DUYGU KARAHASANOĞLU


DOĞMAK, YAŞAMAK, ÖLMEK

Yalnızlık günümüzün ortak sorunu diye düşünüyorum. Neden mi?


DOĞMAK, YAŞAMAK, ÖLMEK

 

                 Yalnızlık günümüzün ortak sorunu diye düşünüyorum. Neden mi? 

Efendim! Her şey açıkça ortada değil mi? Kiminle konuşsam yalnızlıktan, dert yanıp, eski günleri hatırlayıp, of çekiyor. 

Durun, durun hemen parlamayın anlatıyorum işte. 

Ben, kaç kere yazacağım, önce okumasını öğrenin. 

İletişim çağı dedik, insanlar iletişimsizlikten neredeyse kırılacak. Sohbet ortamları yerini teknolojinin kucağına bırakırken, dostlukları da, yok etti. 

Şimdi, sizi duyar gibi oluyorum. Canım, hemen tepki göstermeyin, sakin, sakin biraz sakin!!! biliyorsunuz, fazla tepki kalbe de iyi gelmez. Sinirler durduk yere harap edilmesin. 

Bugün varız, yarın yokuz. 

Hani, nerede bizden öncekiler? Ya ondan öncekiler? Daha da öncekiler? Ya! hiç biri  bugün aramızda yok. 

Tarih sayfalarımızı karıştırıp,  kimler geldi kimler geçti. Şimdi diyeceksiniz ki, tarih sayfalarından konumuz ne?

Elbette konumuz tarih değil. Konuyu daha fazla dağıtmaya gerek yok. 

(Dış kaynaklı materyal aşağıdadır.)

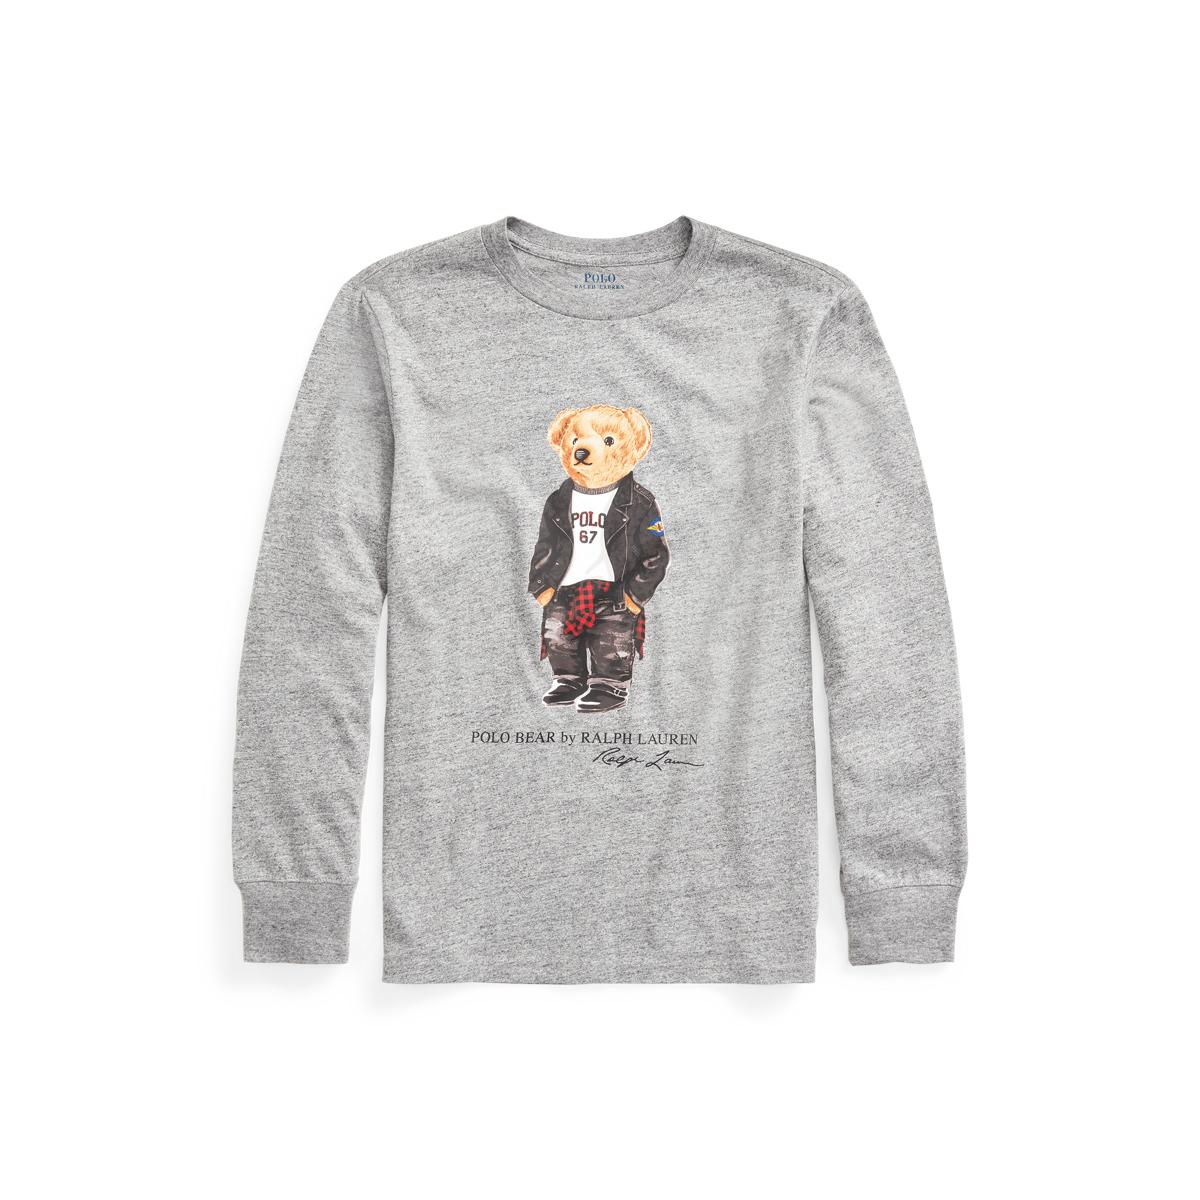 Polo Bear Cotton Jersey Tee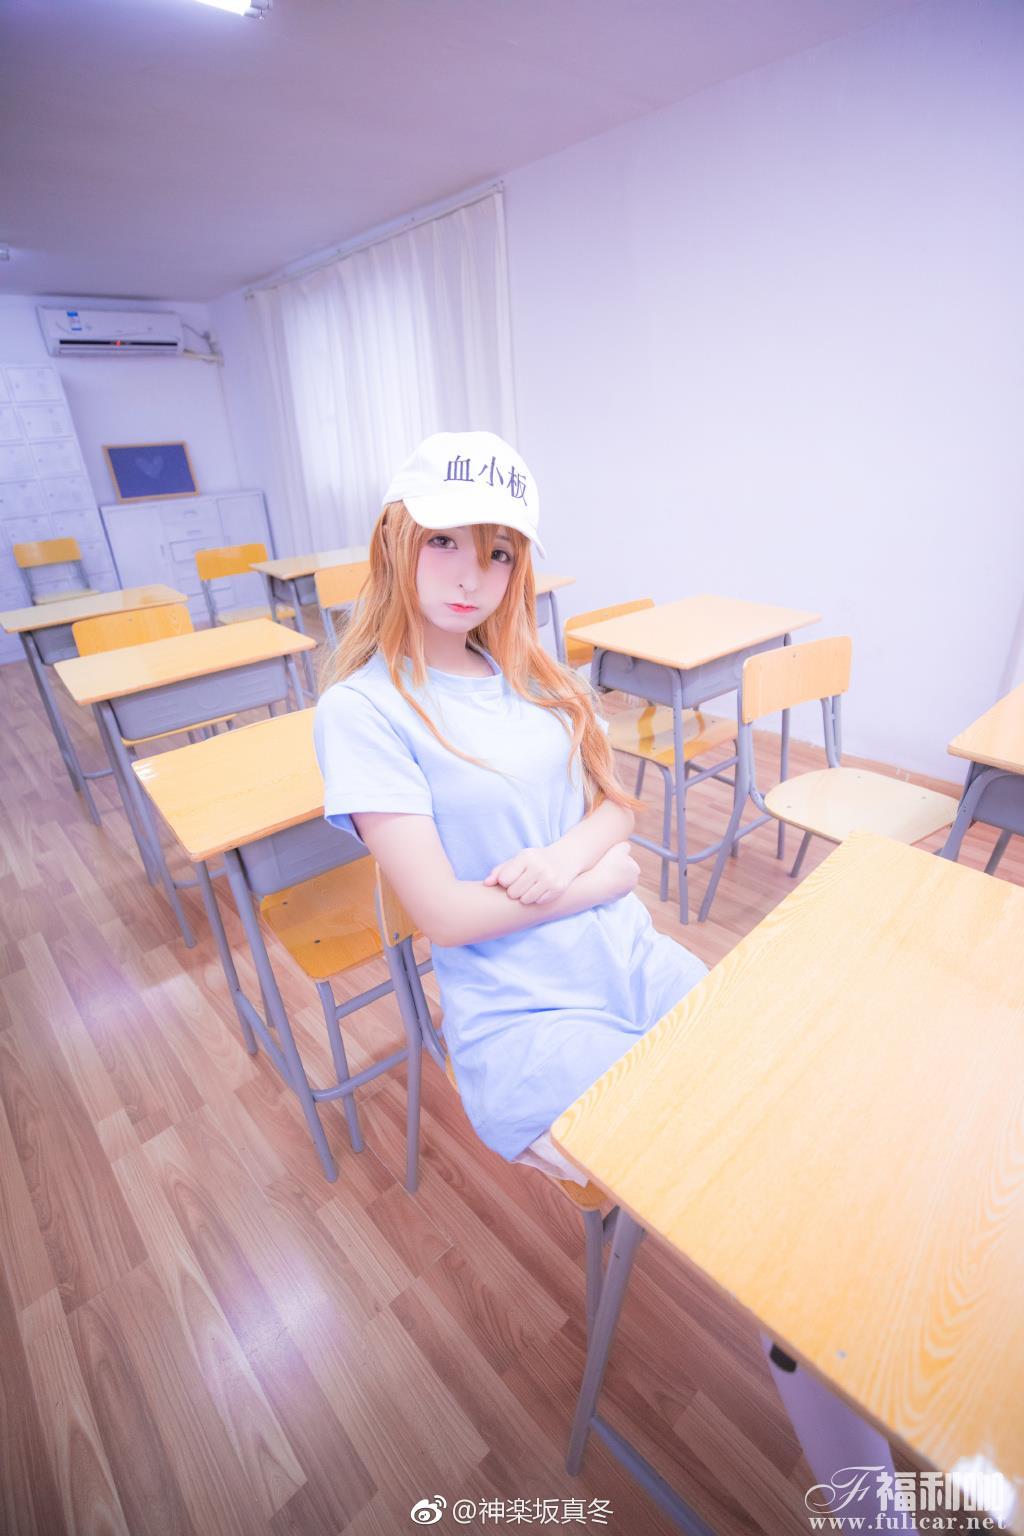 【妹子图】今日妹子–@神楽坂真冬

Yalnızlık insanın içindedir. Benliğini sarandır. Kalabalık yerlerde bile kendini yalnız hissedenler çoğunlukta.        

                    Hayat, öyle şeyler sunar ki, hiç akla gelmeyen olaylarla karşılaşılır. “Benim başıma gelmez, ben öyle davranmam.” Tüm bu sözler, geçiştirme sözleridir. 

                Padişah, bir gün veziri yanına çağırtarak, “dünyanın gidişatını araştır ve bana bilgi getir.”

Vezir, padişahın buyruğunu alıp yola düşer. Aradan sekiz sene geçer. Vezir, yedi, deve yükü kitapla padişahın huzuruna çıkar. 

Padişah, “bunlar ne? Ben sana dünyanın gidişatı konusunda bilgi getir dedim.” 

Vezir, ıkına sıkına alçak sesle; “hünkarım, bu kitaplarda istediğiniz bilgiler yazılı.”

Padişah; “onları okuyacak zamanım yok. kitapları özetle öyle huzuruma çık” der.

Vezir, “buyruk padişahımındır.”

Vezir, tekrar yola düşer. Aradan üç yıl geçer. Kalın bir kitapla padişahın huzuruna çıkar.  Ancak padişah, ölüm döşeğindedir. 

Vezir, “hünkarım, istediğiniz bilgileri bir kitapta toplattım. Buyurun.” Der.

Padişah; “halimi görüyorsun. O kitabı okuyacak ne ömrüm ne de sağlığım kaldı. Bana üç kelimeyle anlat.”

Vezir, “padişahım. Durumunuzu görüyorum.” Birden susunca padişah zor duyulur sesle; “vezir, zaman kalmadı. Söyle.” Der.

Vezir üzgün bir sesle; “doğdular, yaşadılar, öldüler.”

                      İşte, hayat bu. Ne, diye bu kavgalar? Ne diye bu savaşlar? Dünya kimseye kalmaz, dünyaya ayak basan her fani, vakti saati gelince, dünyadan göçer gider. 

Siz siz olun, dünyanın şatafatlı hayatına aldanmayın.